At a recent major convention on innovation, I got into a discussion with Henry Chesbrough, author of "Open Innovation" (http://www.amazon.com/Open-Innovation-Imperative-Profiting-Technology/dp/1578518377) and general innovation rock star (http://www.haas.berkeley.edu/faculty/chesbrough.html). We discussed management fads and recognizing how the idea of Open Innovation echoes an older fad on Benchmarking...both involve getting ideas from other companies. Open Innovation is hot now; Benchmarking is a mature technique with well understood strengths and limitations. While requests for Henry to speak are clearly rising rapidly now, where is Open Innovation as a management fad?
We borrowed Gartner's Hype Cycle model to make some comparisons (http://gsb.haifa.ac.il/~sheizaf/ecommerce/GartnerHypeCycle.html). This model is used to describe IT approaches, like business intelligence and customer relationship management. It says that each technology goes through several distinct phases, here in abbreviated form:
1. Early Adoption, who try out the technology and prove that it can really do something. These early adopters them become the poster children and get lots of publicity. This leads to...
2. Maximum Hype, in which the fad seems to be everywhere and can solve virtually all problems. Press coverage is intense, consultants pop out of nowhere, and everyone is talking about it. This leads to...
3. Unmet Expectations, in which people trying out the technology find it fails to meet all the claims during the period of maximum hype. Disillusionment and bad press crush the technology into the background. This leads to...
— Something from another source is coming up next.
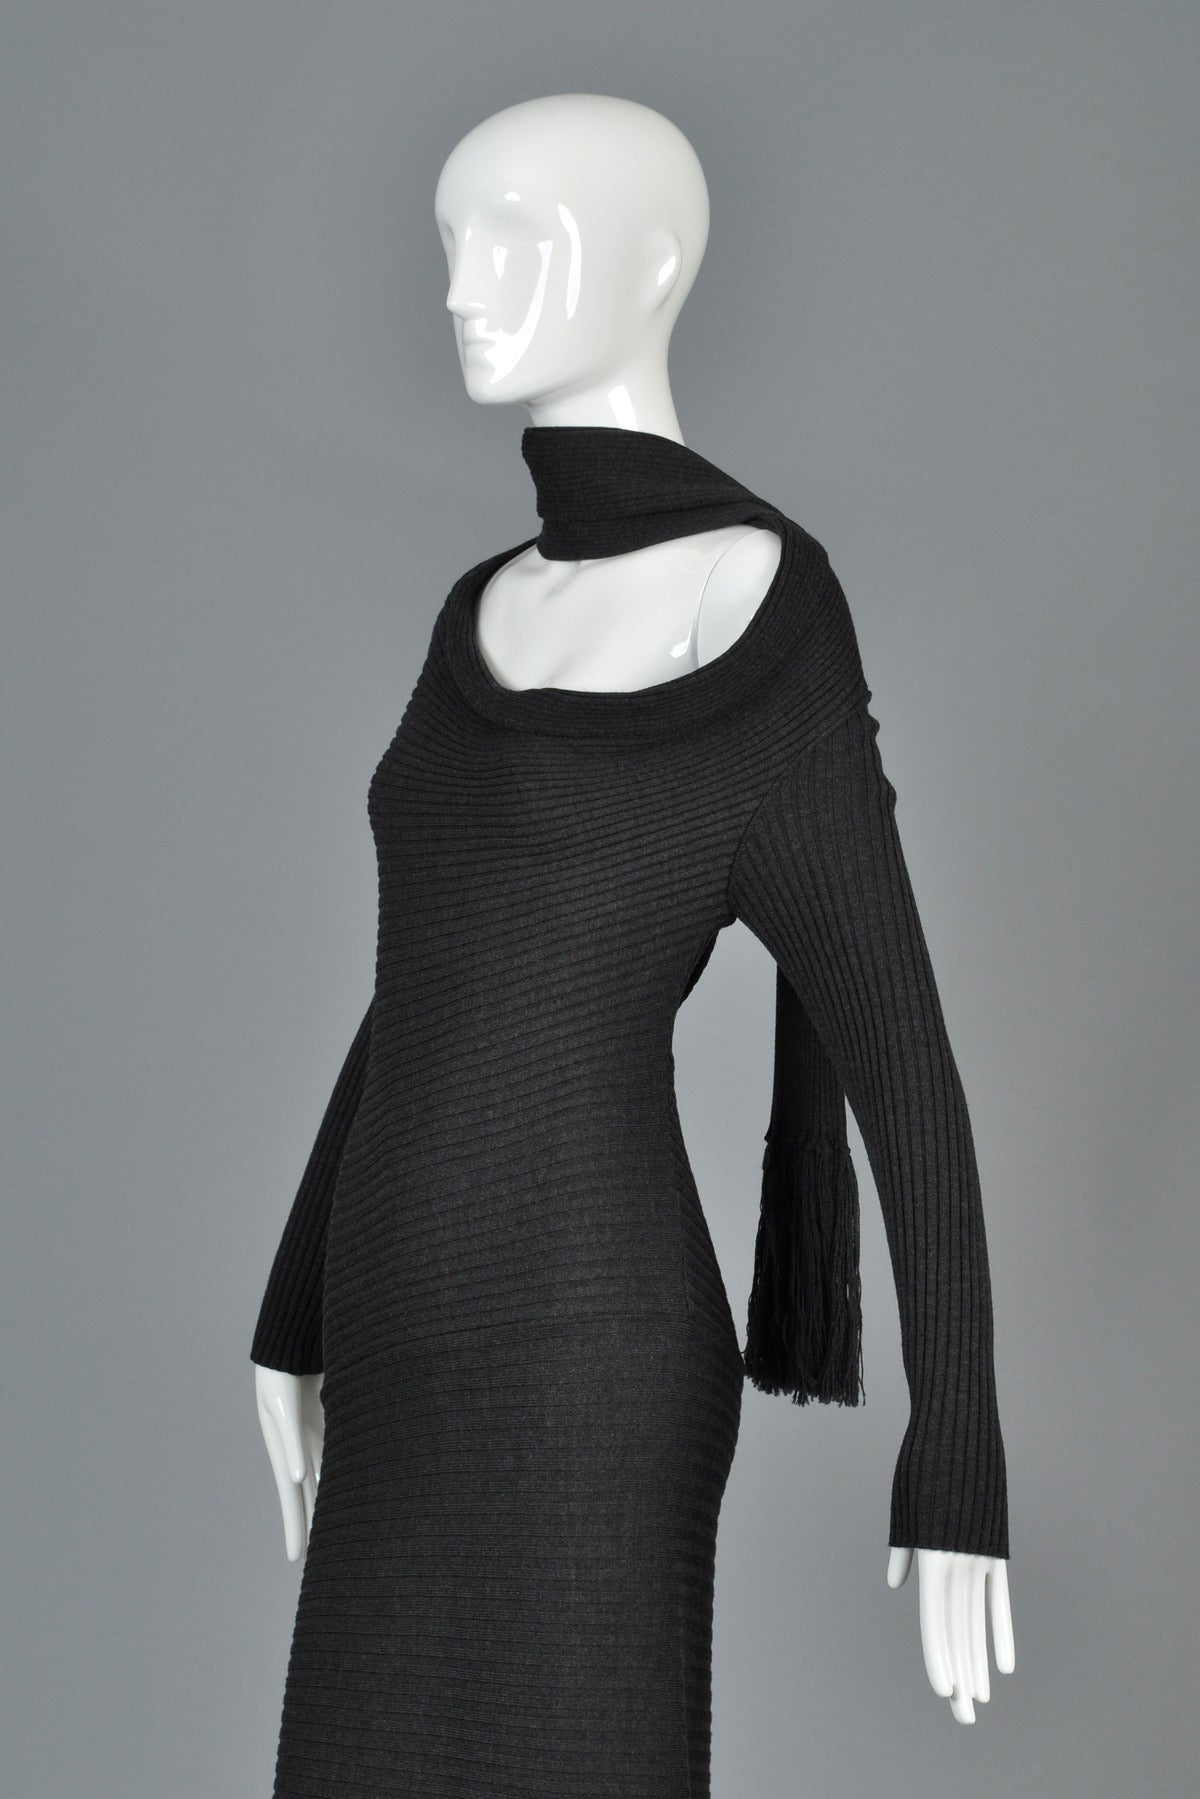 Iconic Jean Paul Gaultier Charcoal Knit Scarf Dress 1

4. Maturation, in which people quietly find the strengths and limitations of the technology and use it to solve real business problems. It works its way into the way things are done.
Henry and I both agreed that Open Innovation was in the earlier phases. He leaned more towards early adoption, "Open Innovation is just at its beginning phase." I thought it was approaching the period of maximum hype, "It is hard to imagine more press coverage and accolades." P&G is definitely an early adopter, and has been on the speaking circuit for a while now. It seems to me that their success is going to limit the success of later consumer products companies that try the techique. P&G is already prospecting the world for great consumer products ideas using Open Innovation, and has undoubtedly found many of the good ideas. Perhaps the vein has been mined.
Henry was less sure. But he pointed out that P&G's version of Open Innovation is only one of three parts: they focus on getting ideas from other companies. Nobody has really mastered taking one's own ideas and putting them out to others, nor have true markets really emerged for the exchange of ideas. Both of these aspects of Open Innovation remain in the Early Adoption phase.